:: SOURCE DATA ::

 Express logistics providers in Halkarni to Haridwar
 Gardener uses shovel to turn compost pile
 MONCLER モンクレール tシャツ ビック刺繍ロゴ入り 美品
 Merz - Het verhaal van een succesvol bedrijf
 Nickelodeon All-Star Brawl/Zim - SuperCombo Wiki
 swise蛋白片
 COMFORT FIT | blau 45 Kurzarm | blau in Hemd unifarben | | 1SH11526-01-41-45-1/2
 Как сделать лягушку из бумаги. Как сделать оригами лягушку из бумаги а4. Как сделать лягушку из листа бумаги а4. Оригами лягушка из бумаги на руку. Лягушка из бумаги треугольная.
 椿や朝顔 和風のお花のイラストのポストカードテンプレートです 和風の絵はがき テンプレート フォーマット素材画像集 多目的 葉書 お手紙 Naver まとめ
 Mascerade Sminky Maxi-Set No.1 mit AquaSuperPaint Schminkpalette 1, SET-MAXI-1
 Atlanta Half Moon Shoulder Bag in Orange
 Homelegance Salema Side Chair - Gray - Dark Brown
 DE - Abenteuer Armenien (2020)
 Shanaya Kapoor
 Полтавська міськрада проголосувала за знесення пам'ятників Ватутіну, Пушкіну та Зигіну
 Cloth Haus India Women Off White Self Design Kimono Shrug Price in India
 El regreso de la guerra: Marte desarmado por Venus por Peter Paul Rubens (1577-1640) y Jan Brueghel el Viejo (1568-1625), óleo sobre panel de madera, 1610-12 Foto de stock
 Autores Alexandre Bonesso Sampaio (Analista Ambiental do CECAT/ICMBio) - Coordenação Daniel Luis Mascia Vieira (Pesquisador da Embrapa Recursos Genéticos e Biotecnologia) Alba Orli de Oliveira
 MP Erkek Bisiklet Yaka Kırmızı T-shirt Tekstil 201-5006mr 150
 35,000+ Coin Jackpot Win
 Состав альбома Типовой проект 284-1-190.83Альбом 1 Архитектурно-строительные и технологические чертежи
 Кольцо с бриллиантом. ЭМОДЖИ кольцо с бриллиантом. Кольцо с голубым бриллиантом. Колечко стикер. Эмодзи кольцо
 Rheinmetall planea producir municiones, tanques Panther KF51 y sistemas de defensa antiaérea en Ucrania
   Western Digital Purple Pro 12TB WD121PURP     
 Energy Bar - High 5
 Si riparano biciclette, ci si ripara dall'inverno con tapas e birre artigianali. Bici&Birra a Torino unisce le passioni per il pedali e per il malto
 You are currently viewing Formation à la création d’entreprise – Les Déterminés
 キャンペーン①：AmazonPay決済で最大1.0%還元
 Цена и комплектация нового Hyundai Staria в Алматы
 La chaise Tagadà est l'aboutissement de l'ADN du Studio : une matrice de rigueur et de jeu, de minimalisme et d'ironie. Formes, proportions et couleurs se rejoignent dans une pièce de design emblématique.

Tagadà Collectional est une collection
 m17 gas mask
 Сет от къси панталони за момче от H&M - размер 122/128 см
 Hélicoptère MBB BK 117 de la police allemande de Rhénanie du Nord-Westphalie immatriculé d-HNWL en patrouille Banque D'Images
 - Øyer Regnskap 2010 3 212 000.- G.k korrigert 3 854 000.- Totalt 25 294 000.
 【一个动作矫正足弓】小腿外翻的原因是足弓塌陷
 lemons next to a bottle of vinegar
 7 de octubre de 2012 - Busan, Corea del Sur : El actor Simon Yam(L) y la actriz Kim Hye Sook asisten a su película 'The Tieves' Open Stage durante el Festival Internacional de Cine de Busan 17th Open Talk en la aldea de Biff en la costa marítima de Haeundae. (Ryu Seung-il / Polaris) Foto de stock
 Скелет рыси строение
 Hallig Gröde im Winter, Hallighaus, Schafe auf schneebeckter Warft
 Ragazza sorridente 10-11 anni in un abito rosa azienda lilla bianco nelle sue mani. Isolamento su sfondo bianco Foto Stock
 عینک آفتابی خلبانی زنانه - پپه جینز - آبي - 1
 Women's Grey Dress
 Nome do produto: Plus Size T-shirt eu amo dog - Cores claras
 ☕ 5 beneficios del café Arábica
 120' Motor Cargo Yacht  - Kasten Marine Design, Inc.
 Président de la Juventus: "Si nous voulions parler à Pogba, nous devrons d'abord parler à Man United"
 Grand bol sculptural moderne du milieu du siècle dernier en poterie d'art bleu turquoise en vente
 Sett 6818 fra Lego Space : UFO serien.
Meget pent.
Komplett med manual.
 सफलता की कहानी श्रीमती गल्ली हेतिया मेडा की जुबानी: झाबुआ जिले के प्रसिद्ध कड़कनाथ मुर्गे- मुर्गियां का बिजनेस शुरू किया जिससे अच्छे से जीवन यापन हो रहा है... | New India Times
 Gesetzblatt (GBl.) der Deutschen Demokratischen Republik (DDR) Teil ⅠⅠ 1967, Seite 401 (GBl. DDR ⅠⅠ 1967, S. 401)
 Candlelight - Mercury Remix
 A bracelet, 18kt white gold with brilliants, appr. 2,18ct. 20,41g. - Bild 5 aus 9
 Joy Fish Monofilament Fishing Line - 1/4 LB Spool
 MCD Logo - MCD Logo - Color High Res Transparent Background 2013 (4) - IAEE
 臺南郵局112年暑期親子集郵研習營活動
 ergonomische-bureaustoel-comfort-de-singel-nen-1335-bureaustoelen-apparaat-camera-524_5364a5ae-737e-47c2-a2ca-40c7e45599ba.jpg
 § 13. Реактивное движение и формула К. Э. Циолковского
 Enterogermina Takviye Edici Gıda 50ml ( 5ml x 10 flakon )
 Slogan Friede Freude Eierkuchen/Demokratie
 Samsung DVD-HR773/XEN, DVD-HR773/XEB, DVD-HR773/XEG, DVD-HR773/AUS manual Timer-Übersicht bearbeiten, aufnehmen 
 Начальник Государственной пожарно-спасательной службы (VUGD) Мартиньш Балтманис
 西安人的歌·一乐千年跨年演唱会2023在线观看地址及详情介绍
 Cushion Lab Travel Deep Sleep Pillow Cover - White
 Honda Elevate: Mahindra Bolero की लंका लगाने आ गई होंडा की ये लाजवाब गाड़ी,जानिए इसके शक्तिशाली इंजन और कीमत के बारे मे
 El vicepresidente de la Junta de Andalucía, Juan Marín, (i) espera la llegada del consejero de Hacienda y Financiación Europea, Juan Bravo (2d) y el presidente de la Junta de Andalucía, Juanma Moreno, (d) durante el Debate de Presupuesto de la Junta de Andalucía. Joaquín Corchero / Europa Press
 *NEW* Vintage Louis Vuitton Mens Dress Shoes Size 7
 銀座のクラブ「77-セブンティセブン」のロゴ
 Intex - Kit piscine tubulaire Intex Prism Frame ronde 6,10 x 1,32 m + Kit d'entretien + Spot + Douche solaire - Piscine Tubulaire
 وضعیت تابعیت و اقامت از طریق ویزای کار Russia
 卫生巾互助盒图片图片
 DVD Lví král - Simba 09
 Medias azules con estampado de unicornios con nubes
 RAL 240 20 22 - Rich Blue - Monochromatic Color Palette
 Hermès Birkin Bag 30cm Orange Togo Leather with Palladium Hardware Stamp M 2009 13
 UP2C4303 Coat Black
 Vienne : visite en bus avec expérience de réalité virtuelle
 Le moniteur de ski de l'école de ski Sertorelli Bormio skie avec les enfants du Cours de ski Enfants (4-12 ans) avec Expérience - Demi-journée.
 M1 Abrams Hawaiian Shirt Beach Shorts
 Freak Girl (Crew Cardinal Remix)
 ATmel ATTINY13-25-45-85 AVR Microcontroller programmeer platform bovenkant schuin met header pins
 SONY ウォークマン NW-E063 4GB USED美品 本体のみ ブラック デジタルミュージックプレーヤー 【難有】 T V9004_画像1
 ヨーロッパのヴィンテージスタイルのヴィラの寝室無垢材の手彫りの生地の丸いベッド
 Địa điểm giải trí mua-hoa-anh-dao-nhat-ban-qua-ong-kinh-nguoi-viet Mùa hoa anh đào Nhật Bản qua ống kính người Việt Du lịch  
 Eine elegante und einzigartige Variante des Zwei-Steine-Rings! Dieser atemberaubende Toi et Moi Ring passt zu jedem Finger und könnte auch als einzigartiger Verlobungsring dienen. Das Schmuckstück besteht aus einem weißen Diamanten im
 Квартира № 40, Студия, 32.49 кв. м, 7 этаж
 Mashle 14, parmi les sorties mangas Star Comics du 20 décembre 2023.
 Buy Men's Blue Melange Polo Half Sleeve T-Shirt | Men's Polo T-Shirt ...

:: ACTIVITY ::
Where a line of the data holds "Tagadà", show that line.

:: ANSWER TO THIS EXERCISE ::
 La chaise Tagadà est l'aboutissement de l'ADN du Studio : une matrice de rigueur et de jeu, de minimalisme et d'ironie. Formes, proportions et couleurs se rejoignent dans une pièce de design emblématique.
Tagadà Collectional est une collection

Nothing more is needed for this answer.